Ушастое, похожее на кошку существо тем временем таращилось на него самым пристальным и угрожающим образом.
– Не видел? Ничего-то вы, городские, не знаете, – бросил Ёсихидэ обычным насмешливым тоном. – Это же филин! Мне его на днях доставил охотник из Курамы. Такого обученного редко встретишь. – С этими словами он медленно поднёс руку к птице, которая как раз покончила с трапезой, и провёл рукой ей по спине – снизу вверх, «против шерсти». Тут-то всё и случилось. Издав короткий, резкий крик, филин вдруг взлетел со стола и, вытянув когтистые лапы, бросился прямо в лицо ученику – так что располосовал бы его непременно, если бы тот не поспешил прикрыться рукавом. Мальчик с воплем попытался стряхнуть птицу, но та рассвирепела и атаковала его снова и снова, щёлкая клювом. Несчастный, совсем забыв о присутствии учителя, заметался по тесной мастерской и не мог ни встать, ни сесть, чтобы не подвергнуться атаке. Страшную же птицу его попытки лишь раззадоривали, и она, то взлетая к потолку, то припадая к полу, бросалась на него с молниеносной быстротой, каждый раз метя прямо в глаза. Хлопанье чудовищных крыльев казалось особенно жутким, вызывая в памяти шум водопада, запах прелых листьев и «обезьяньего сакэ» – перебродивших фруктов в дуплах и под камнями. Бедному ученику от ужаса стало мерещиться, будто тусклый свет фонаря – это сиянье луны, а мастерская художника – расщелина в далёких горах, где обитают злые духи.
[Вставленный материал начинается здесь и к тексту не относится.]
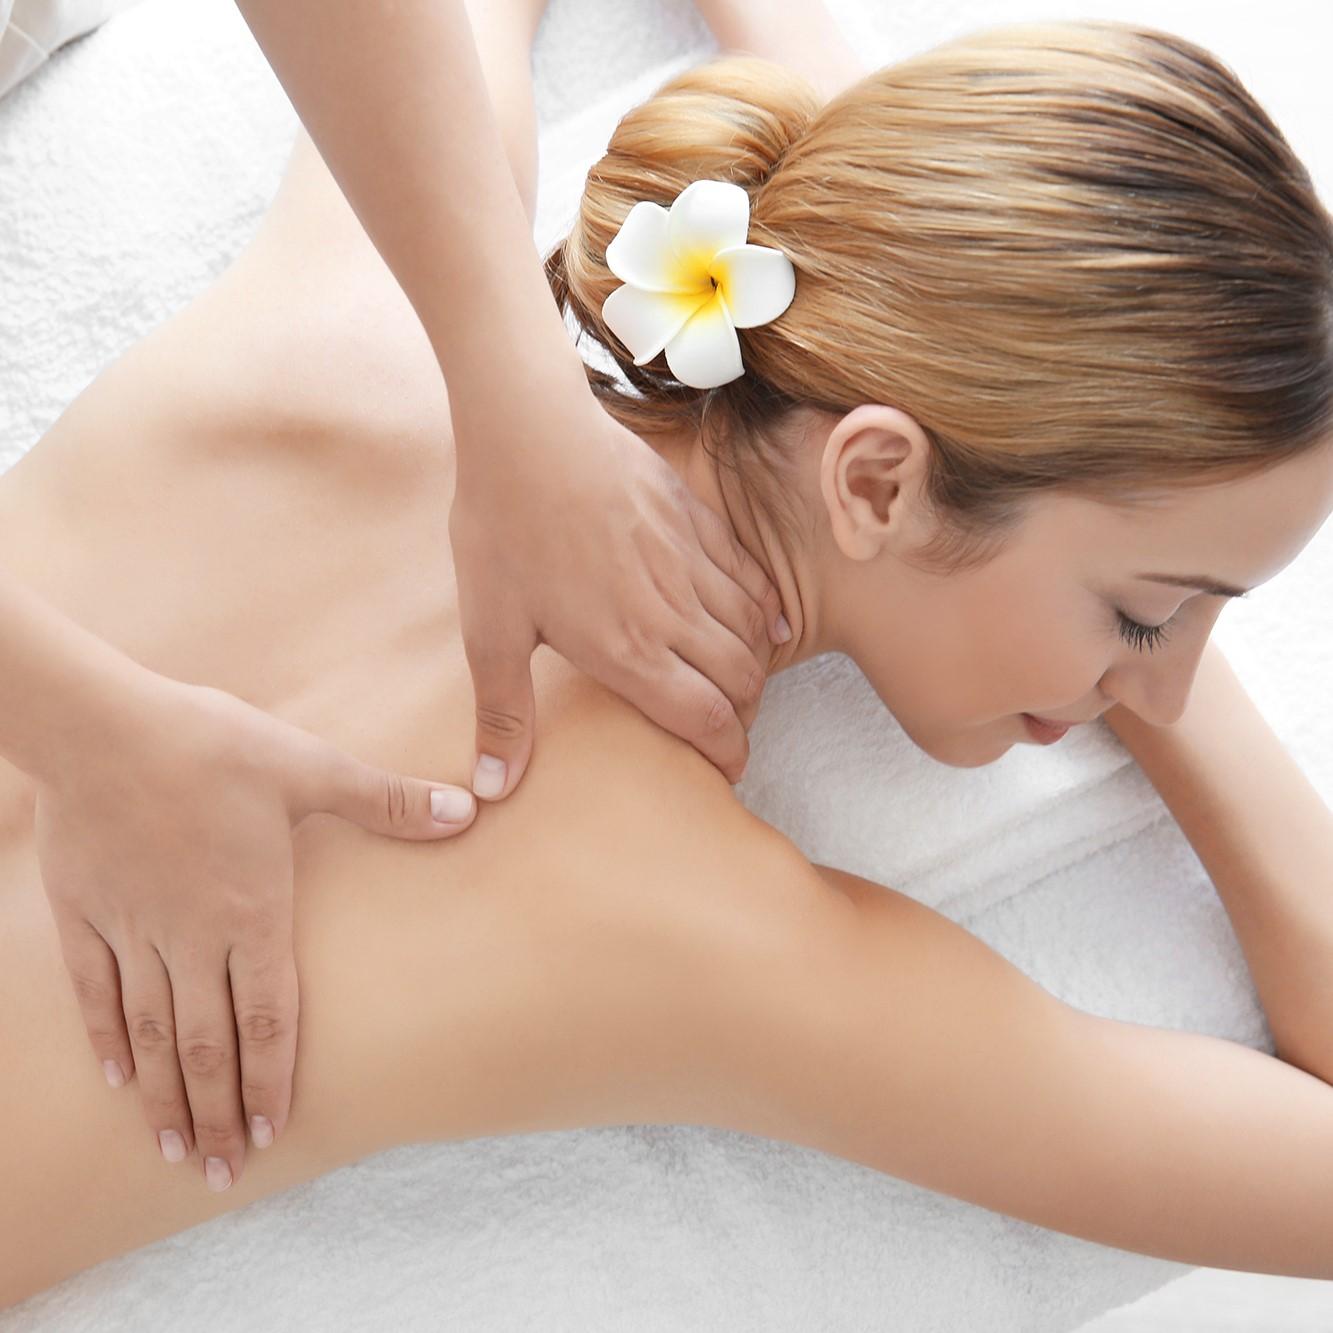 60-Min Full Body Massage for 1 Person (1 Session)

И всё же не только нападение филина так его напугало. Нет, едва ли не страшнее, чем крылатое чудовище, был вид Ёсихидэ, который, равнодушно глядя на царящий переполох, развернул бумагу и, облизывая кисть, принялся зарисовывать чудовищную сцену: зловещая птица терзает нежного, будто девица, отрока. Ученик после рассказывал, как волосы зашевелились у него на голове, когда он увидел учителя: ему почудилось, что тот и впрямь готов его погубить.
Надо сказать, боялся он не напрасно: похоже, Ёсихидэ нарочно вызвал тем вечером ученика, чтобы напустить на него филина и заставить отбиваться. Потому, стоило юноше бросить взгляд на учителя и увидеть, что тот рисует, как он, не помня себя от страха, завопил и, закрывая голову руками, забился в угол комнаты. В этот момент Ёсихидэ, вскрикнув, поспешно вскочил, филин захлопал крыльями ещё сильнее, раздался грохот и звон, будто что-то разбилось. Ученик, едва не теряя рассудок, поднял голову и оглянулся – но в мастерской теперь было темно, хоть глаз выколи. Из мрака был слышен только сердитый голос Ёсихидэ, сзывавшего остальных учеников.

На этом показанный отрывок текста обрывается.